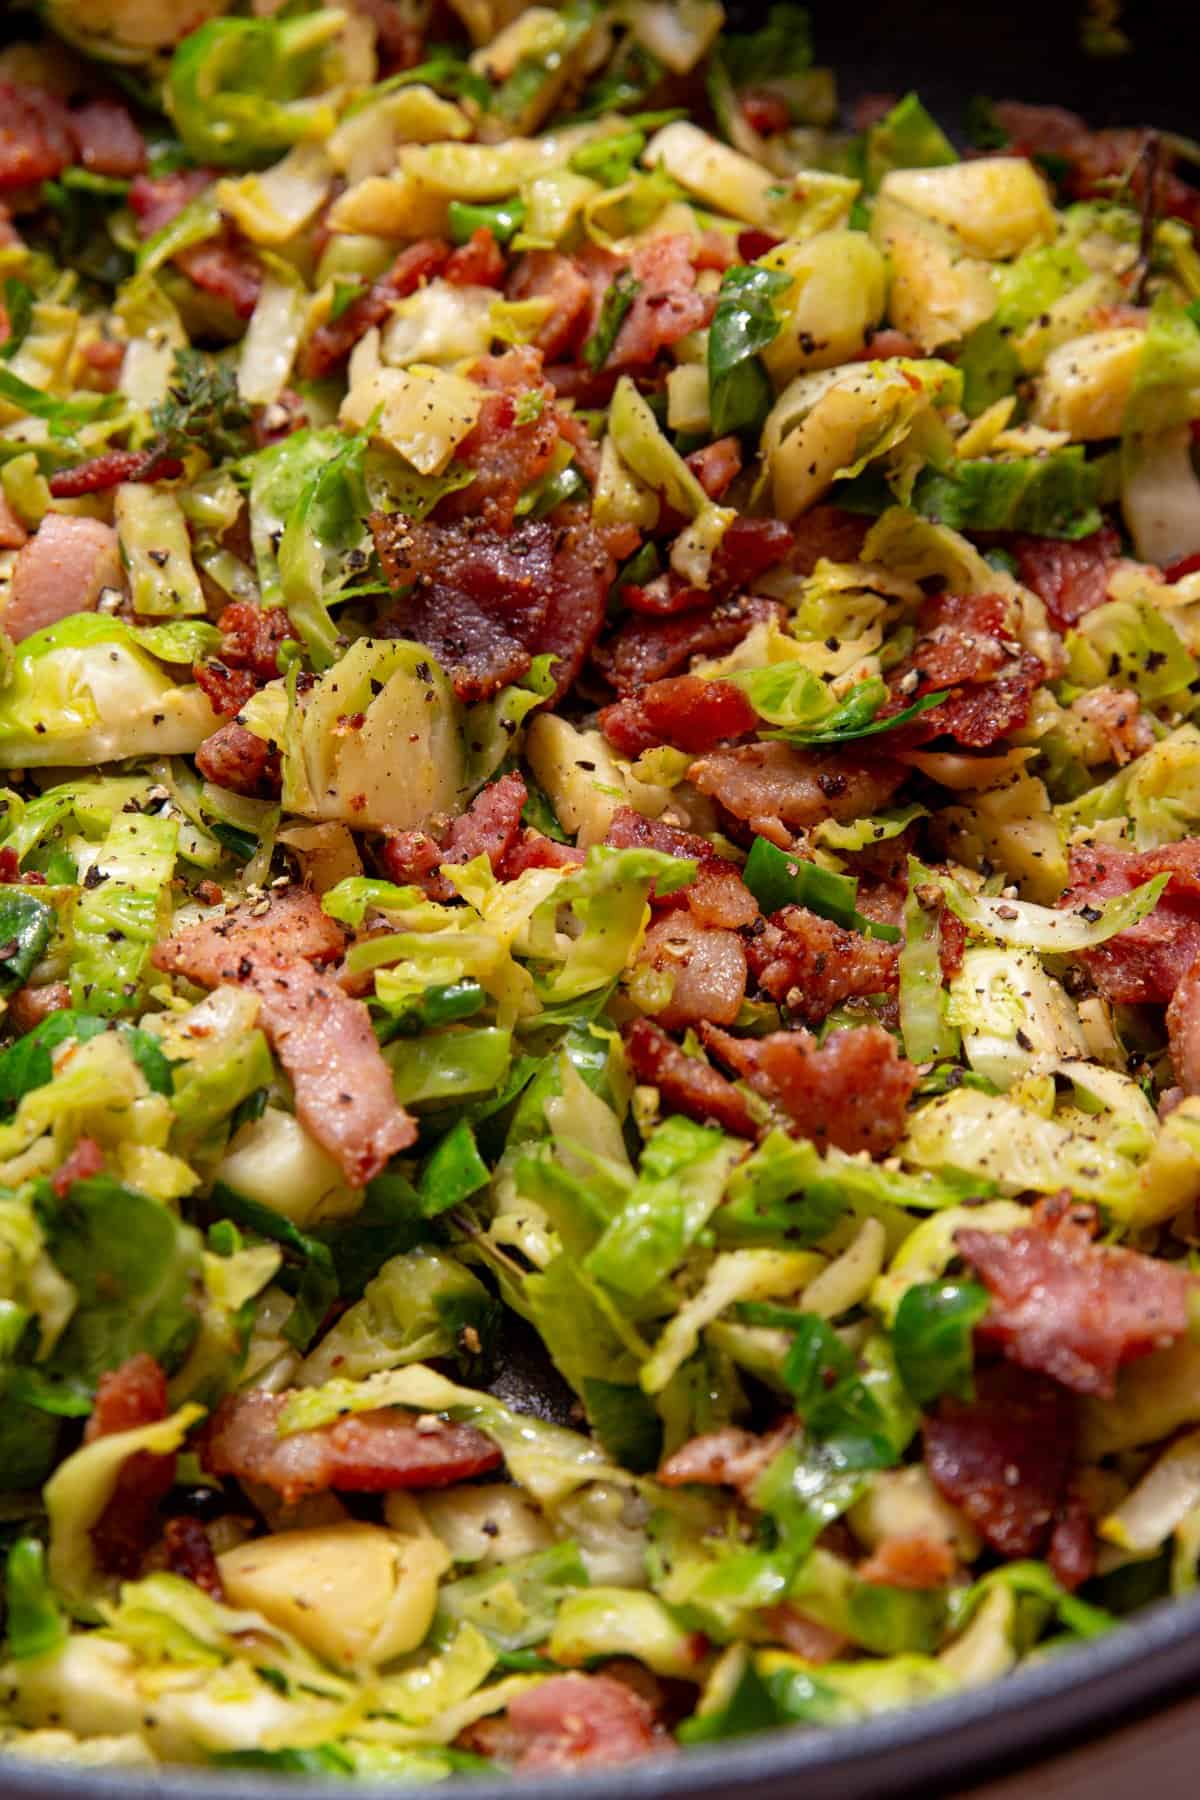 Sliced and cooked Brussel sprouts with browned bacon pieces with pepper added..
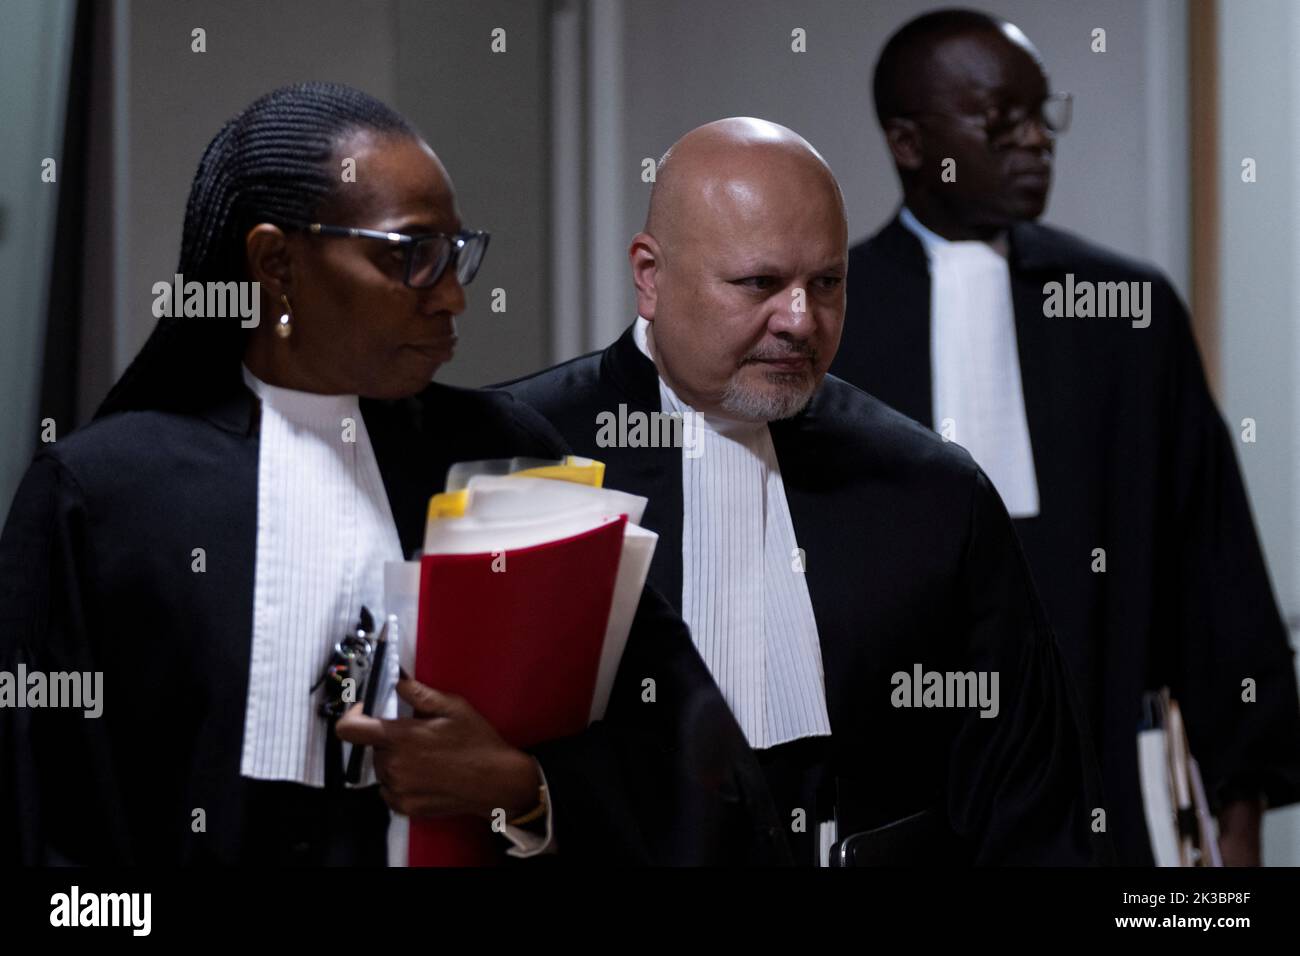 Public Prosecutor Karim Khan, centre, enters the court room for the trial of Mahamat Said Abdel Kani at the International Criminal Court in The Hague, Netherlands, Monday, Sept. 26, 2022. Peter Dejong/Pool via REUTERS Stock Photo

---

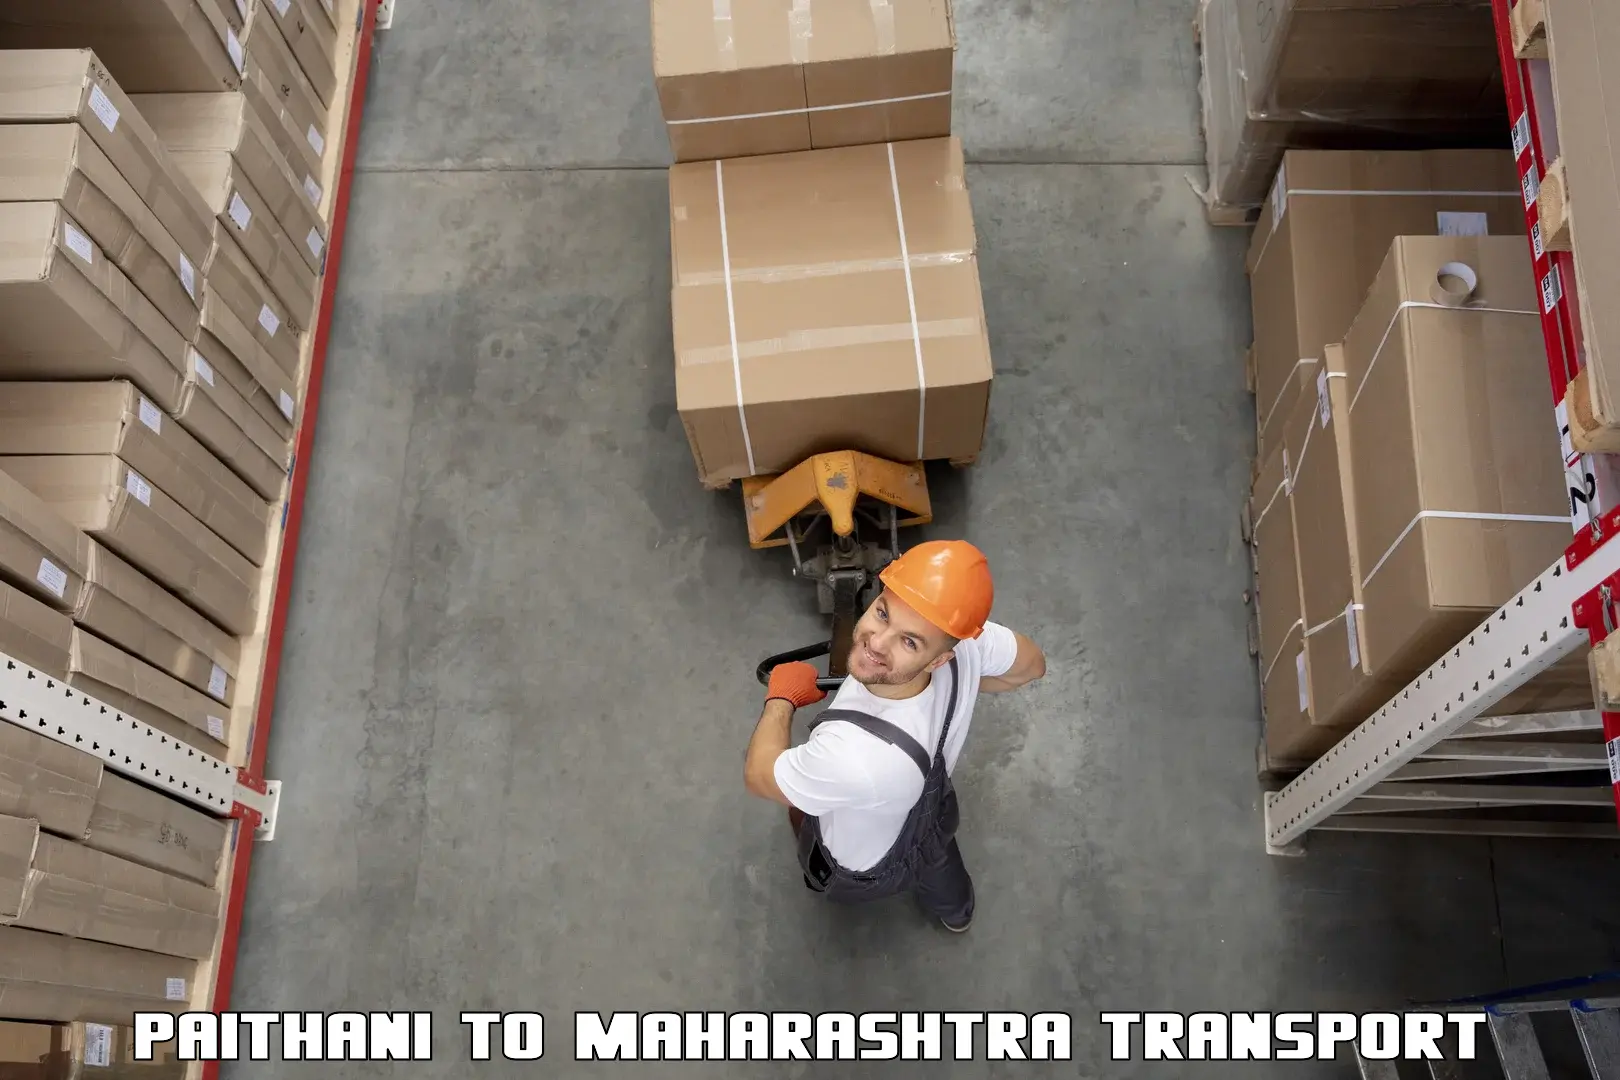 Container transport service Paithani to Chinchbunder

Work request => Your answer should consist of the lines above between those holding "Sliced and cooked" and "Public Prosecutor Karim", inclusive, reproduced word for word and without pictures.

Answer space =>
 Sliced and cooked Brussel sprouts with browned bacon pieces with pepper added..
 Public Prosecutor Karim Khan, centre, enters the court room for the trial of Mahamat Said Abdel Kani at the International Criminal Court in The Hague, Netherlands, Monday, Sept. 26, 2022. Peter Dejong/Pool via REUTERS Stock Photo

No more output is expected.